Original answer: 2016

git 2.9 (June 2016) will generalize the --no-checkout option to git worktree add (the command which allows to works with multiple working trees for one repo)

See commit ef2a0ac (29 Mar 2016) by Ray Zhang (OneRaynyDay).
Helped-by: Eric Sunshine (sunshineco), and Junio C Hamano (gitster).
(Merged by Junio C Hamano -- gitster -- in commit 0d8683c, 13 Apr 2016)

The git worktree man page now includes:

--[no-]checkout:

> By default, add checks out <branch>, however, --no-checkout can be used to suppress checkout in order to make customizations, such as configuring sparse-checkout.

Solution 9 - Git

Yes, Possible to download a folder instead of downloading the whole repository. Even any/last commit

Nice way to do this

D:\Lab>git svn clone https://github.com/Qamar4P/LolAdapter.git/trunk/lol-adapter -r HEAD
  1. -r HEAD will only download last revision, ignore all history.

  2. Note trunk and /specific-folder

Copy and change URL before and after /trunk/. I hope this will help someone. Enjoy :)

Updated on 26 Sep 2019

Solution 10 - Git

Based on this answer by apenwarr and this comment by Miral I came up with the following solution which saved me nearly 94% of disk space when cloning the linux git repository locally while only wanting one Documentation subdirectory:

$ cd linux
$ du -sh .git .
2.1G    .git
894M    .
$ du -sh 
2.9G    .
$ mkdir ../linux-sparse-test
$ cd ../linux-sparse-test
$ git init
Initialized empty Git repository in /…/linux-sparse-test/.git/
$ git config core.sparseCheckout true
$ git remote add origin ../linux
# Parameter "origin master" saves a tiny bit if there are other branches
$ git fetch --depth=1 origin master
remote: Enumerating objects: 65839, done.
remote: Counting objects: 100% (65839/65839), done.
remote: Compressing objects: 100% (61140/61140), done.
remote: Total 65839 (delta 6202), reused 22590 (delta 3703)
Receiving objects: 100% (65839/65839), 173.09 MiB | 10.05 MiB/s, done.
Resolving deltas: 100% (6202/6202), done.
From ../linux
 * branch              master     -> FETCH_HEAD
 * [new branch]        master     -> origin/master
$ echo "Documentation/hid/*" > .git/info/sparse-checkout
$ git checkout master
Branch 'master' set up to track remote branch 'master' from 'origin'.
Already on 'master'
$ ls -l
total 4
drwxr-xr-x 3 abe abe 4096 May  3 14:12 Documentation/
$  du -sh .git .
181M    .git
100K    .
$  du -sh
182M    .

So I got down from 2.9GB to 182MB which is already quiet nice.

I though didn't get this to work with git clone --depth 1 --no-checkout --filter=blob:none file:///…/linux linux-sparse-test (hinted here) as then the missing files were all added as removed files to the index. So if anyone knows the equivalent of git clone --filter=blob:none for git fetch, we can probably save some more megabytes. (Reading the man page of git-rev-list also hints that there is something like --filter=sparse:path=…, but I didn't get that to work either.

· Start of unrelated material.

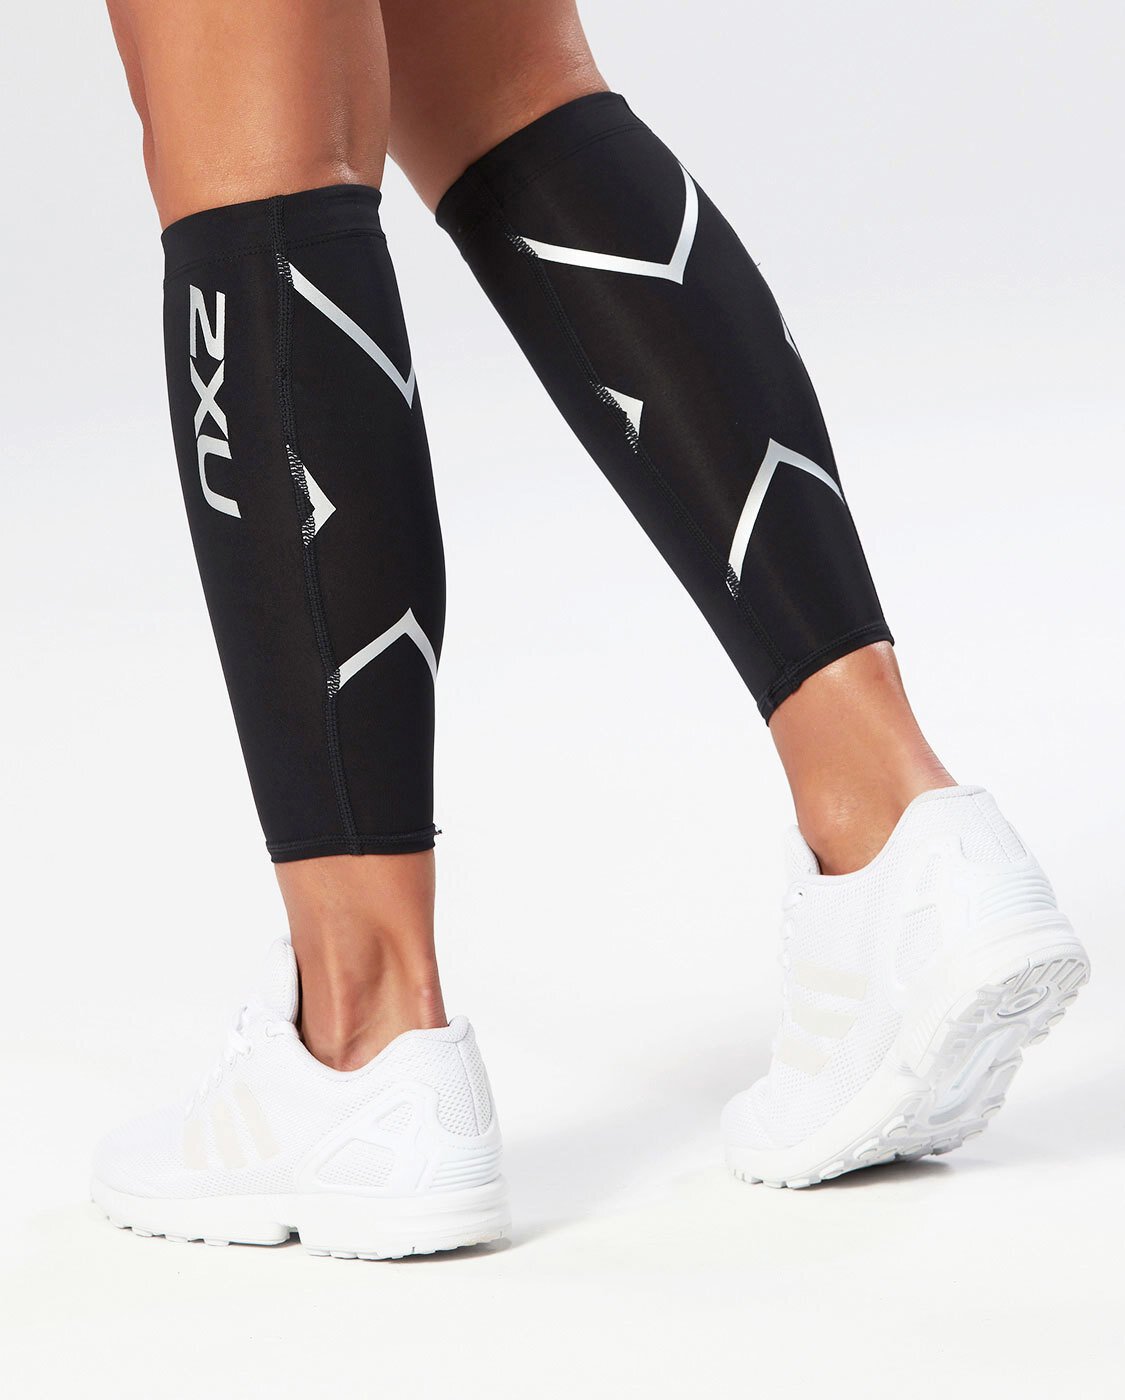 Spænding makeup et eller andet sted 2XU Compression Calf Guards - Pair - Buy Online - Ph: 1800-370-766 -  AfterPay & ZipPay Available!

(All tried with git 2.20.1 from Debian Buster.)

Solution 11 - Git

Steps to sparse checkout only specific folder:

1) git clone --no-checkout  <project clone url>  
2) cd <project folder>
3) git config core.sparsecheckout true   [You must do this]
4) echo "<path you want to sparce>/*" > .git/info/sparse-checkout
    [You must enter /* at the end of the path such that it will take all contents of that folder]
5) git checkout <branch name> [Ex: master]

Solution 12 - Git

I'm new to git but it seems that if I do git checkout for each directory then it works. Also, the sparse-checkout file needs to have a trailing slash after every directory as indicated. Someone more experience please confirm that this will work.

Interestingly, if you checkout a directory not in the sparse-checkout file it seems to make no difference. They don't show up in git status and git read-tree -m -u HEAD doesn't cause it to be removed. git reset --hard doesn't cause the directory to be removed either. Anyone more experienced care to comment on what git thinks of directories that are checked out but which are not in the sparse checkout file?

Solution 13 - Git

In git 2.27, it looks like git sparse checkout has evolved. Solution in this answer does not work exactly the same way (compared to git 2.25)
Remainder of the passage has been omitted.